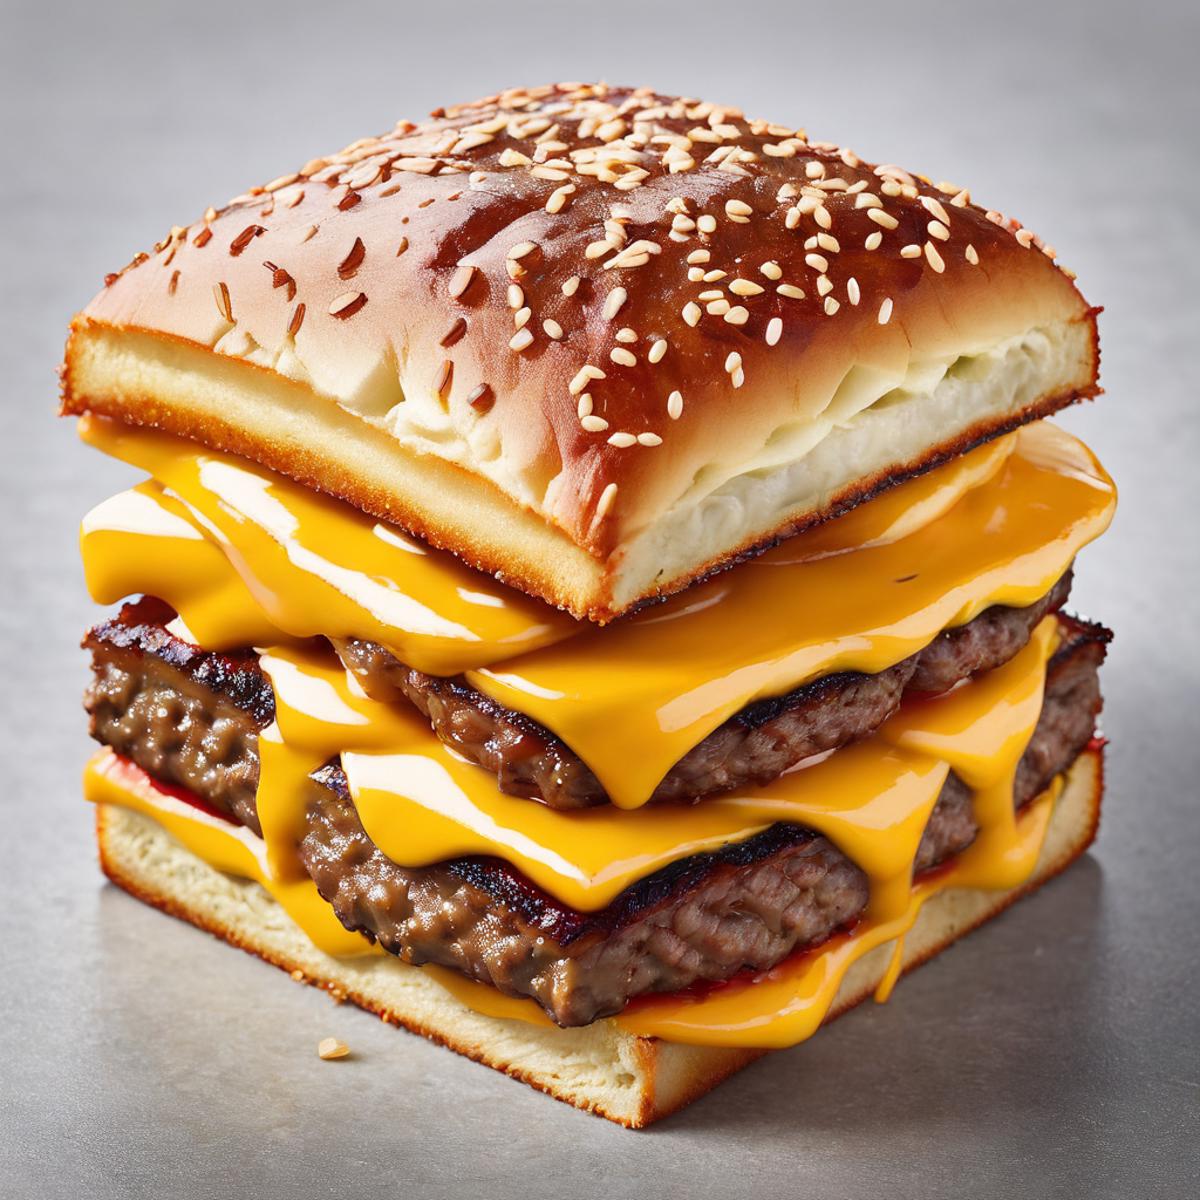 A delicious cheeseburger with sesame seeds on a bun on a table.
==
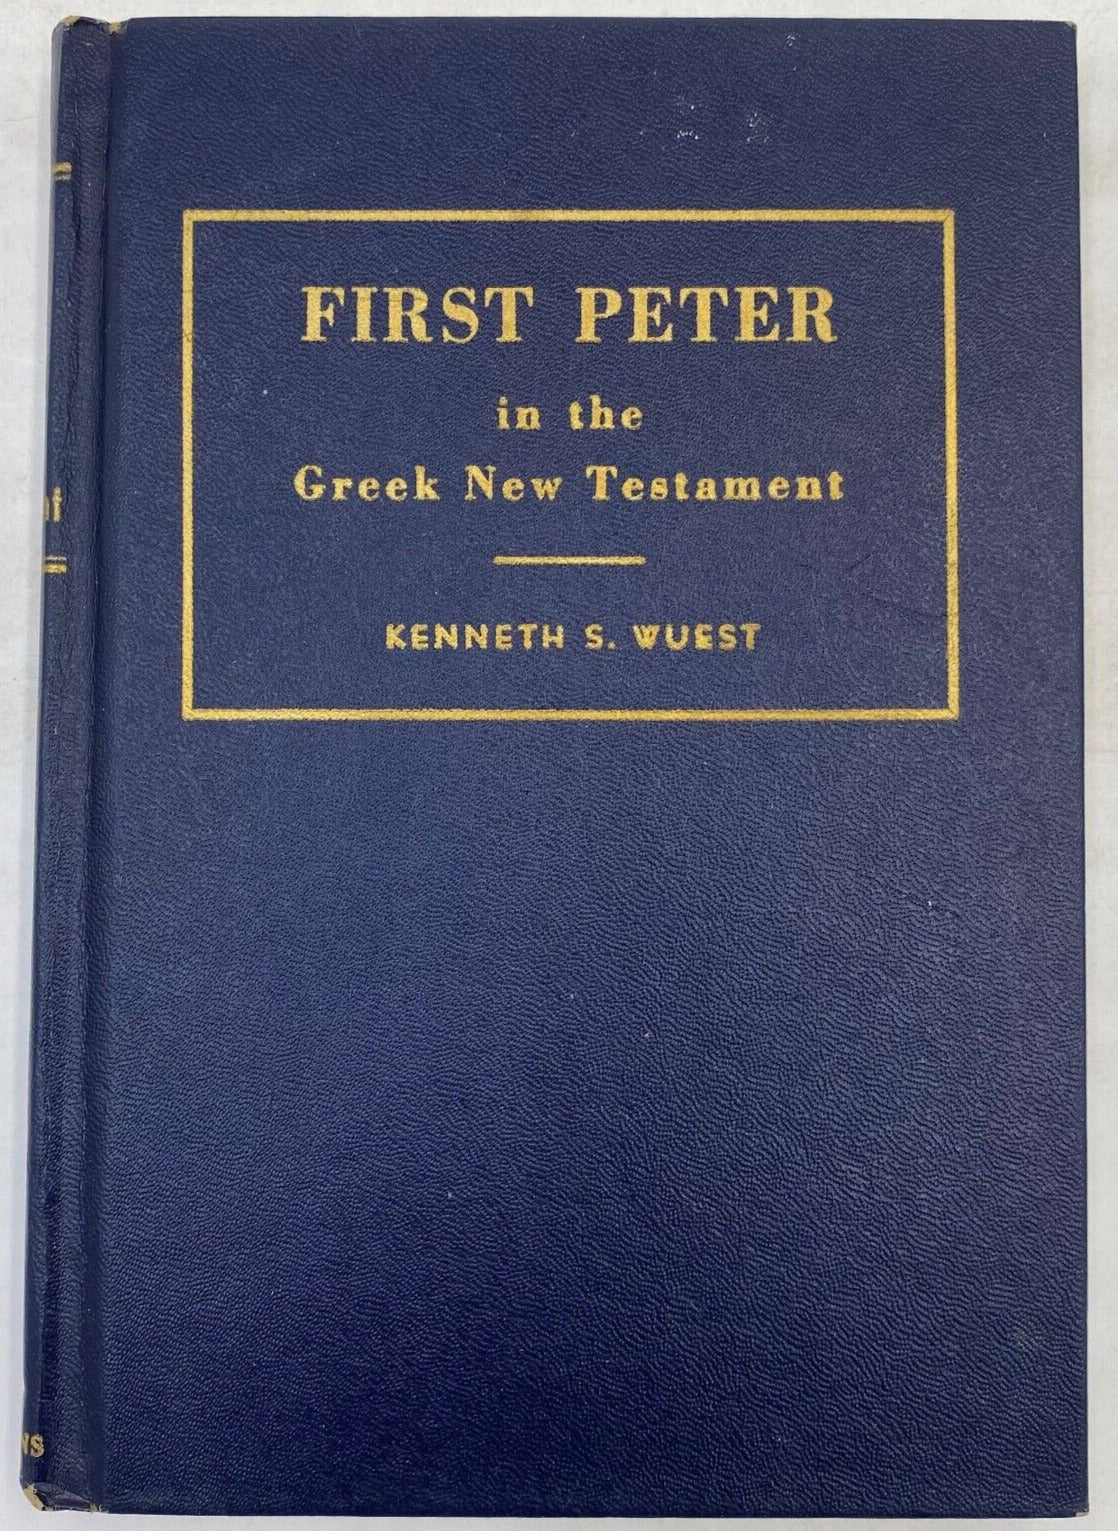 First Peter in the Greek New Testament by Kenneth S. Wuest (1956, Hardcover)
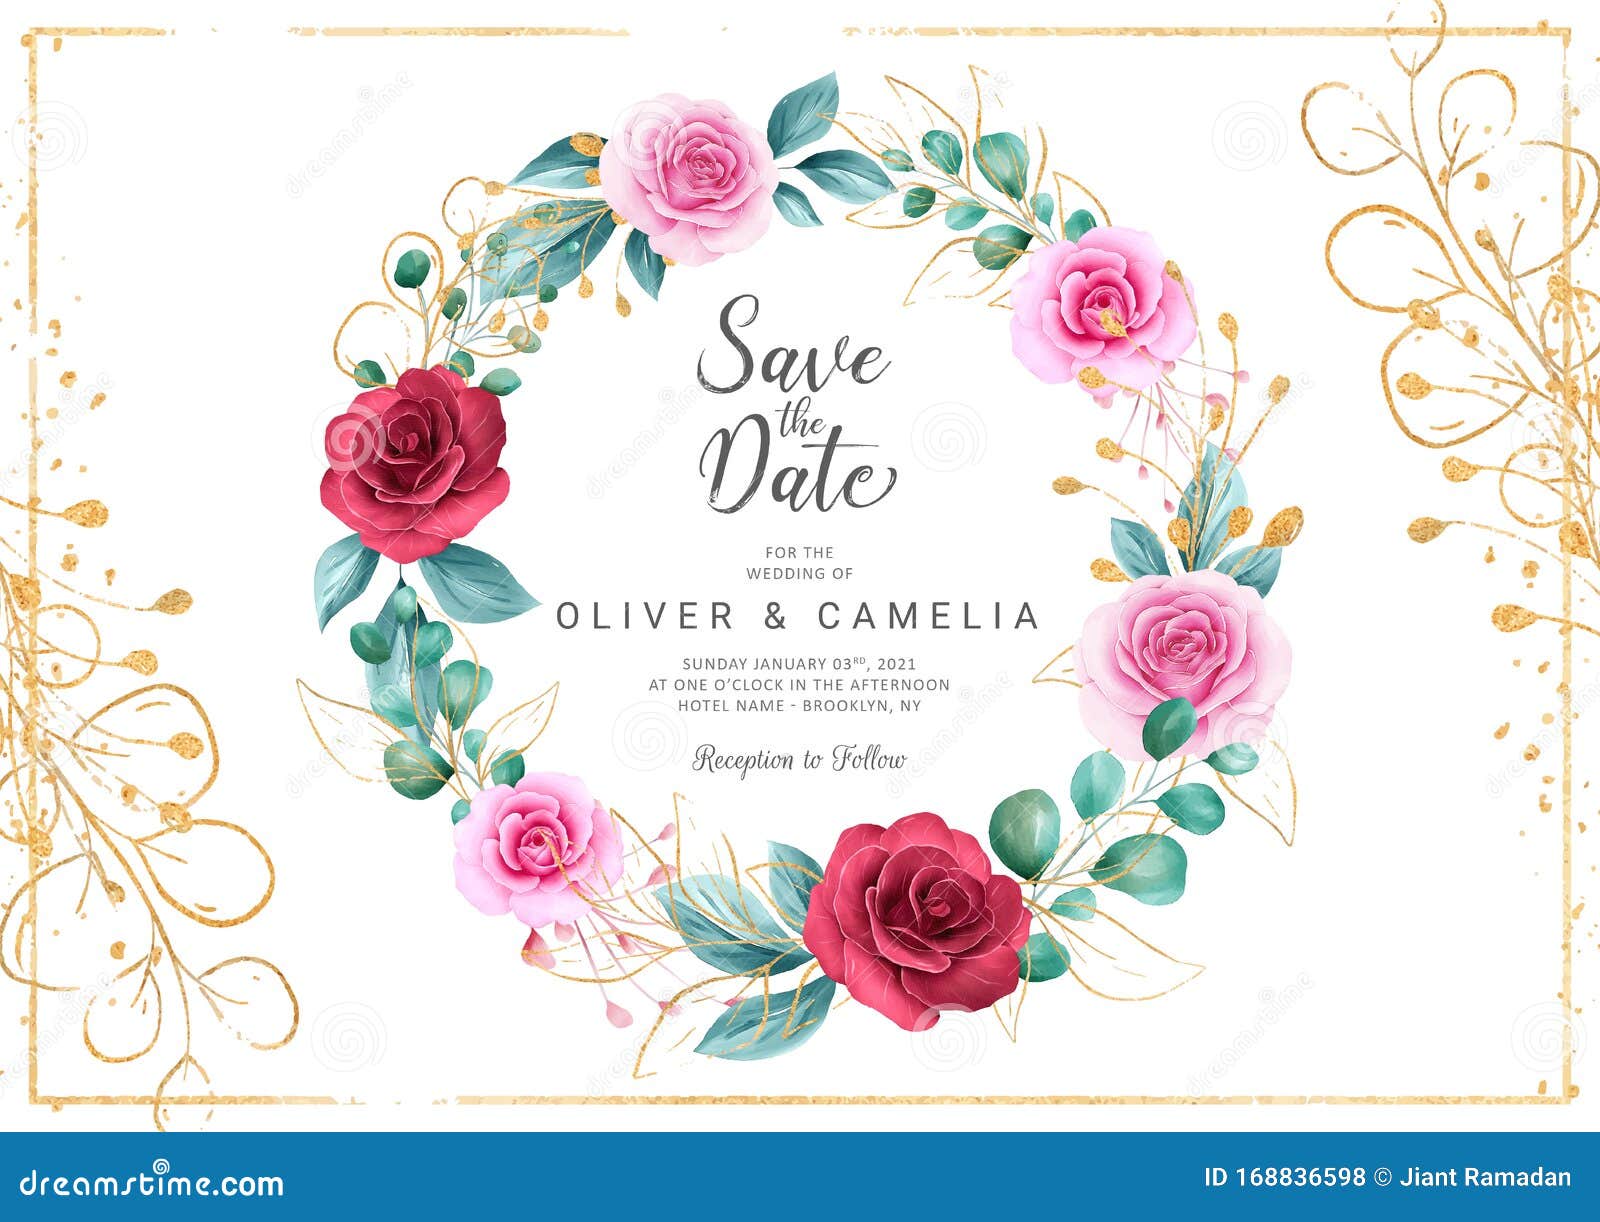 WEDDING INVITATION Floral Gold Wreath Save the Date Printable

# Goal of the exercise
Starting at the line above that holds "First Peter in", repeat every line exactly down to and including the line that holds "WEDDING INVITATION Floral", then stop. Do not carry over any pictures.

# Answer to this problem
 First Peter in the Greek New Testament by Kenneth S. Wuest (1956, Hardcover)
 WEDDING INVITATION Floral Gold Wreath Save the Date Printable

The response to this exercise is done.